People seem pretty eager to jump into the spirit of October this year, and my last bulletin board was looking kind of shabby, and I’m just completely focused at this moment, so I took 3 days this week (just under 6 hours total) to put up my October bulletin board, which is always my favorite one of the year.

I was thinking bats, because it’s practically the only trope I haven’t hit in the many years I’ve been doing this. Then I looked for a poem, and found “Acquainted with the Night” by Robert Frost.

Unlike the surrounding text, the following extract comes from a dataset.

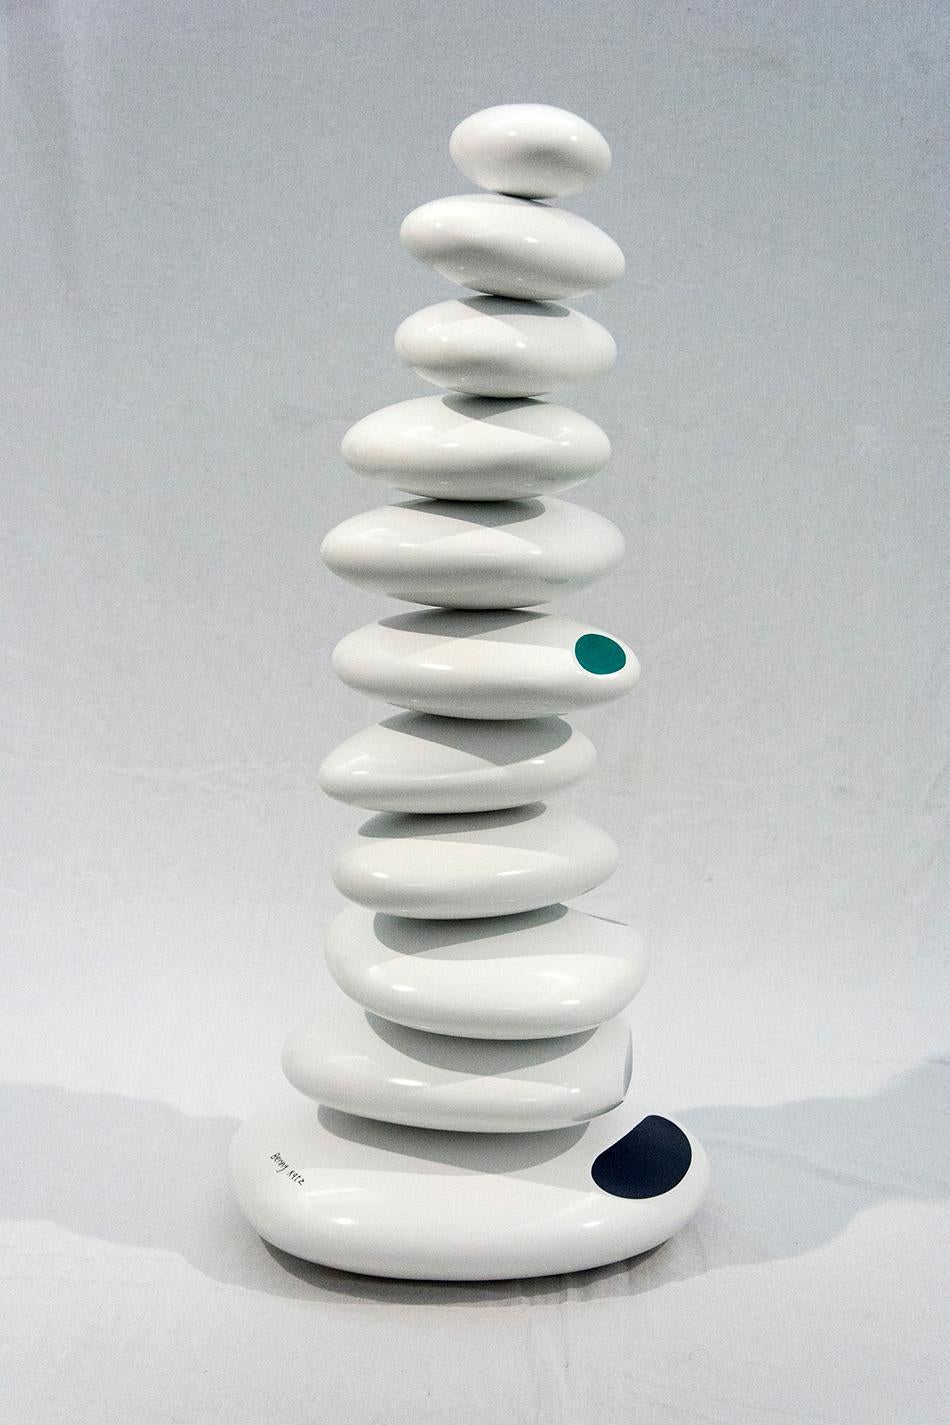 Ocean - small stacked sculpture of white ovals, with blue and green highlights - Sculpture by Benny Katz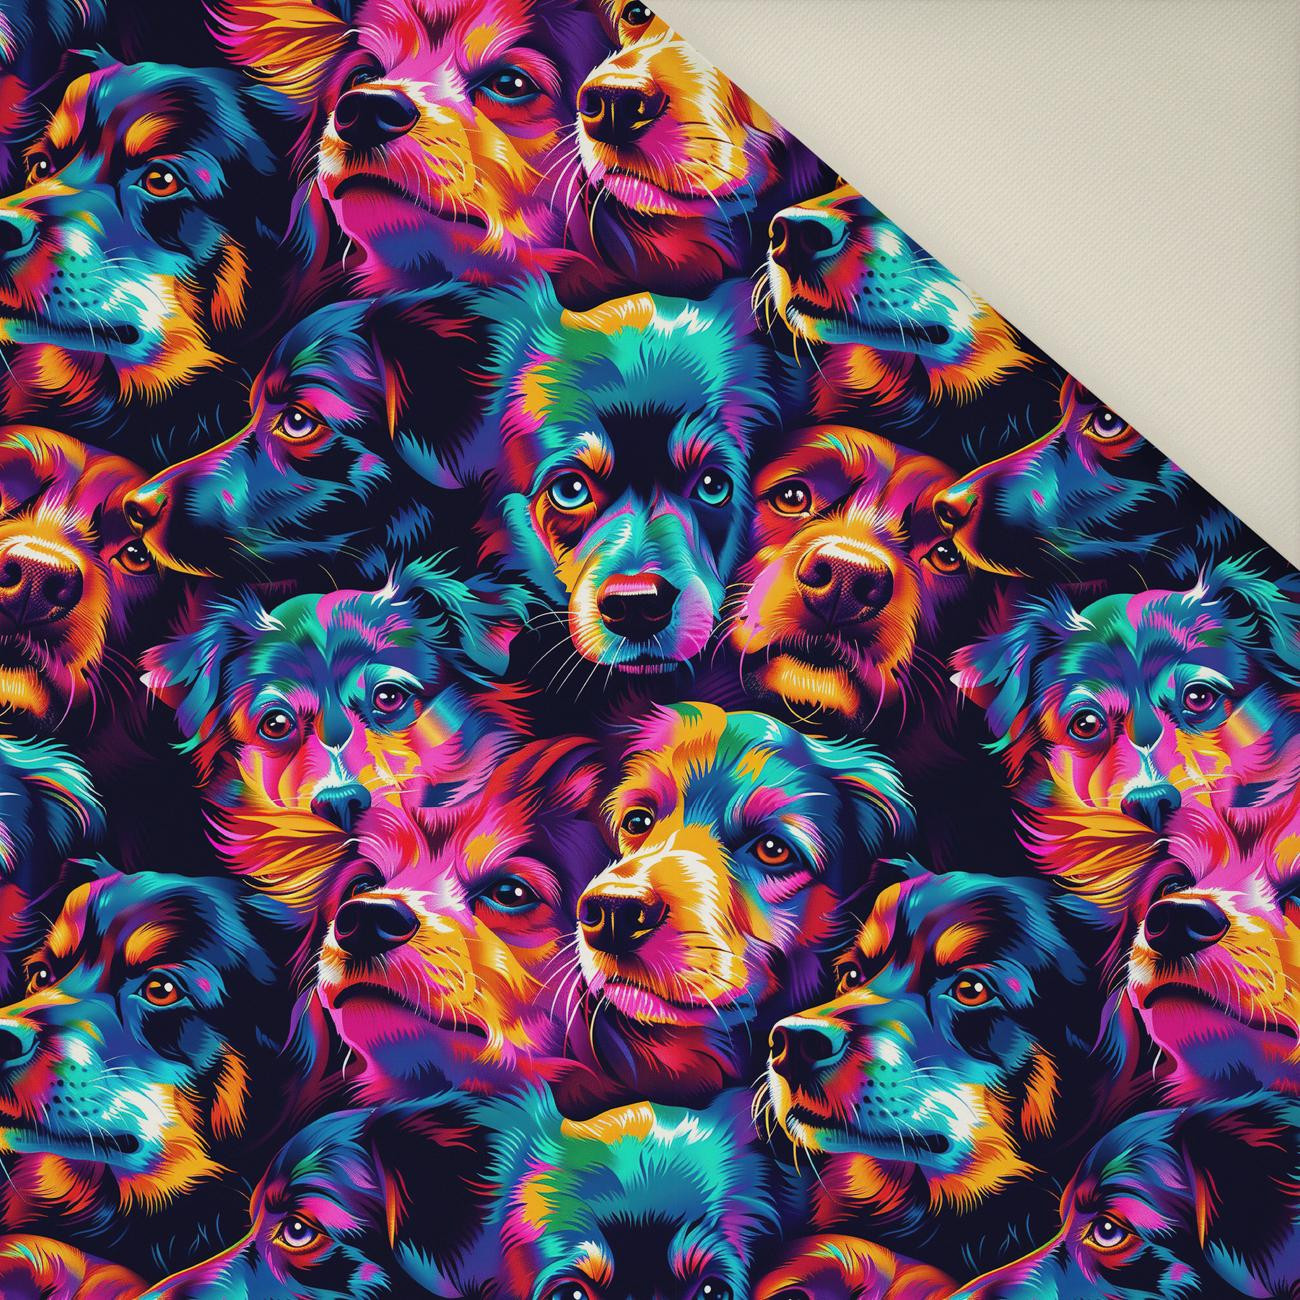 COLORFUL DOGS- Polster- Velours

You can read it in the link; I was working in the rain, so the lighting was terrible when I took this photo. But you get the gist. I decorated the calaveras with Sharpies; everyone in Tucson loves calaveras and I could envision them amidst the candles and piles of marigolds, although I wish I had more time to work on them, maybe make a couple more.

The poem is also in Sharpie. It’s not my best lettering; I’ve kind of been doing a lot of lettering lately and my hand just wasn’t in the game and I was feeling really rushed. The school is having a 60th anniversary party on Sunday and there’s more work to finish up the comic book: resizing the cover and editing the blog posts down to 400 words a piece.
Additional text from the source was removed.